🤖 AI Summary
To address acoustic information loss and high computational overhead caused by voice-content disentanglement in zero-shot singing voice conversion (SVC) under low-resource settings, this paper proposes an efficient joint modeling framework for content and timbre. Methodologically, we design a coupled encoder-decoder architecture that simultaneously extracts linguistic content and singer-specific timbral features; incorporate pitch- and loudness-aware modeling to preserve expressive vocal performance; and integrate conditional waveform generation with diffusion-based modeling for end-to-end high-fidelity reconstruction—introducing, for the first time in zero-shot SVC, embedded speech super-resolution capability. Experiments demonstrate that our approach significantly outperforms state-of-the-art methods in conversion quality, naturalness, and inference efficiency, particularly yielding marked improvements in audio fidelity under data-scarce conditions, while concurrently achieving competitive super-resolution performance.
📝 Abstract
Zero-shot singing voice conversion (SVC) transforms a source singer's timbre to an unseen target speaker's voice while preserving melodic content without fine-tuning.
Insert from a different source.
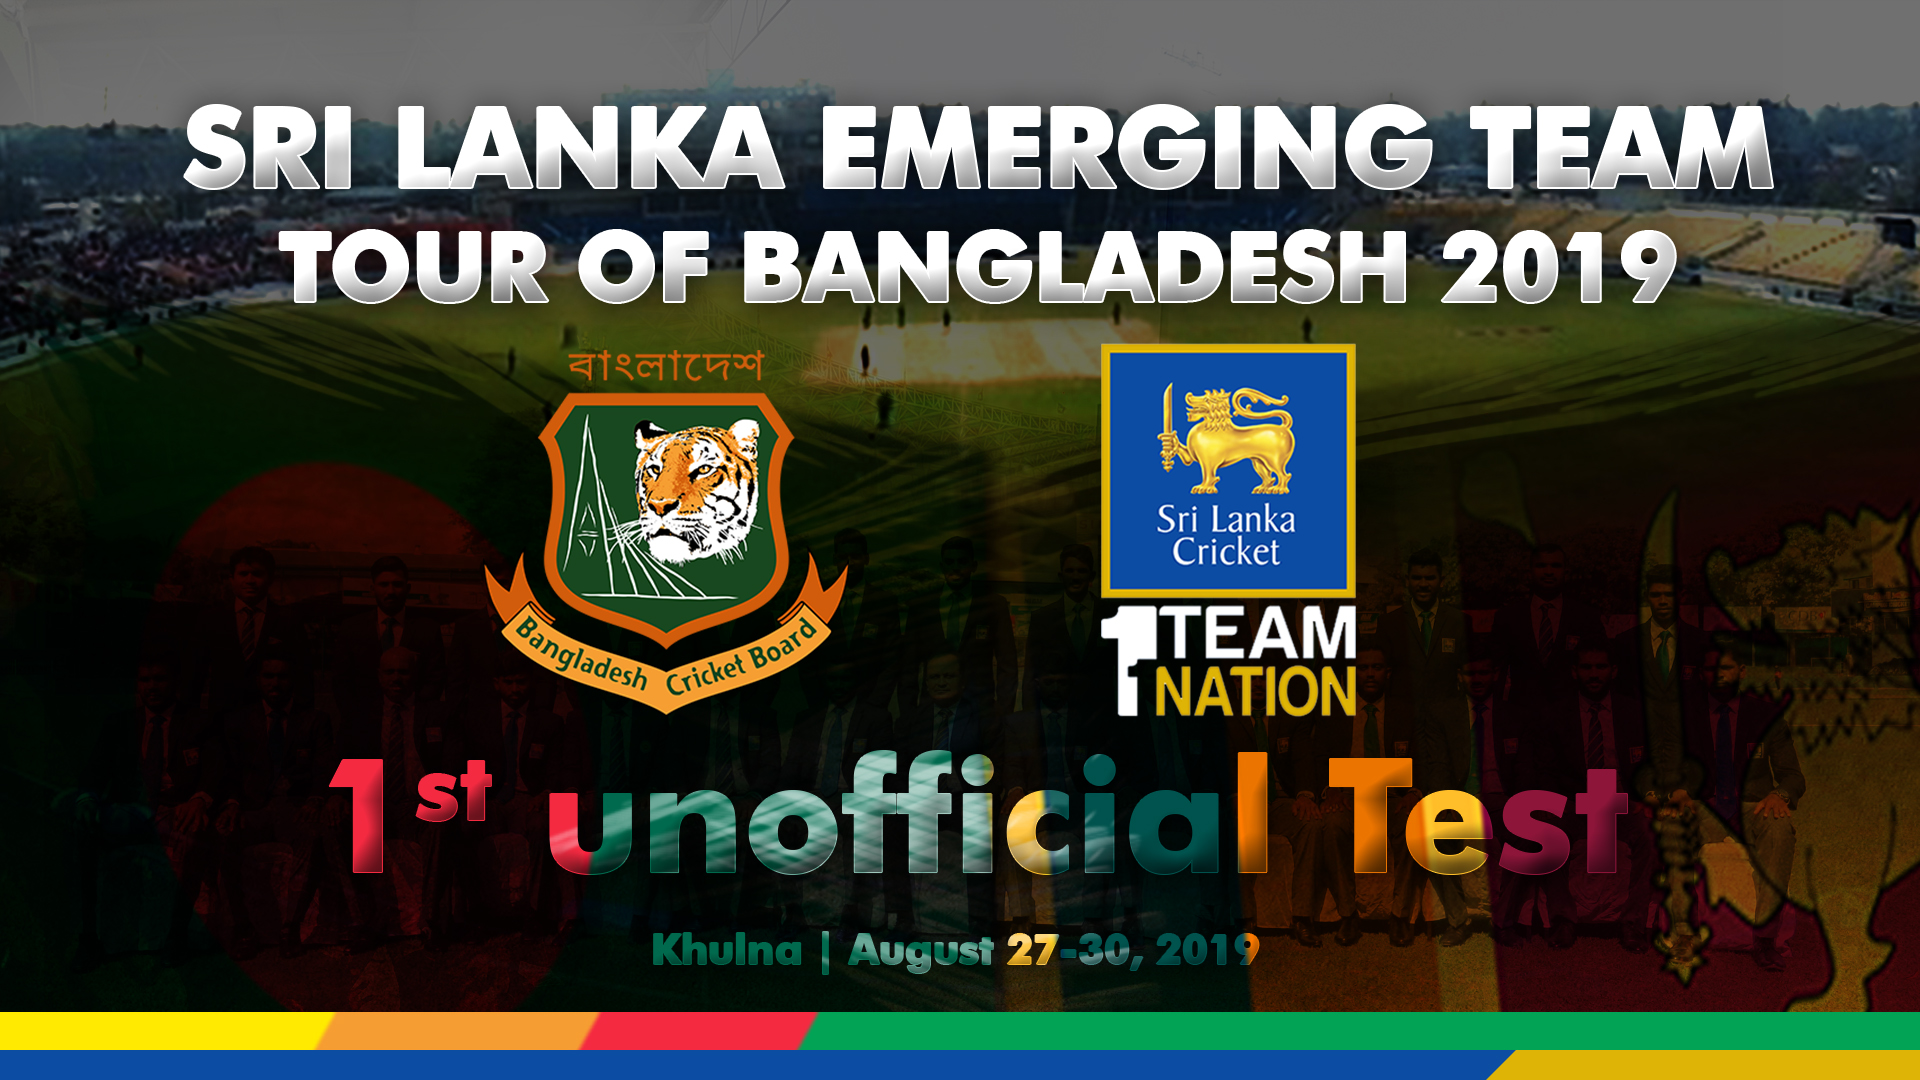 Bangladesh Emerging Team 233/4 on Shanto’s ton

Existing methods model speaker timbre and vocal content separately, losing essential acoustic information that degrades output quality while requiring significant computational resources. To overcome these limitations, we propose HQ-SVC, an efficient framework for high-quality zero-shot SVC. HQ-SVC first extracts jointly content and speaker features using a decoupled codec. It then enhances fidelity through pitch and volume modeling, preserving critical acoustic information typically lost in separate modeling approaches, and progressively refines outputs via differentiable signal processing and diffusion techniques. Evaluations confirm HQ-SVC significantly outperforms state-of-the-art zero-shot SVC methods in conversion quality and efficiency. Beyond voice conversion, HQ-SVC achieves superior voice naturalness compared to specialized audio super-resolution methods while natively supporting voice super-resolution tasks.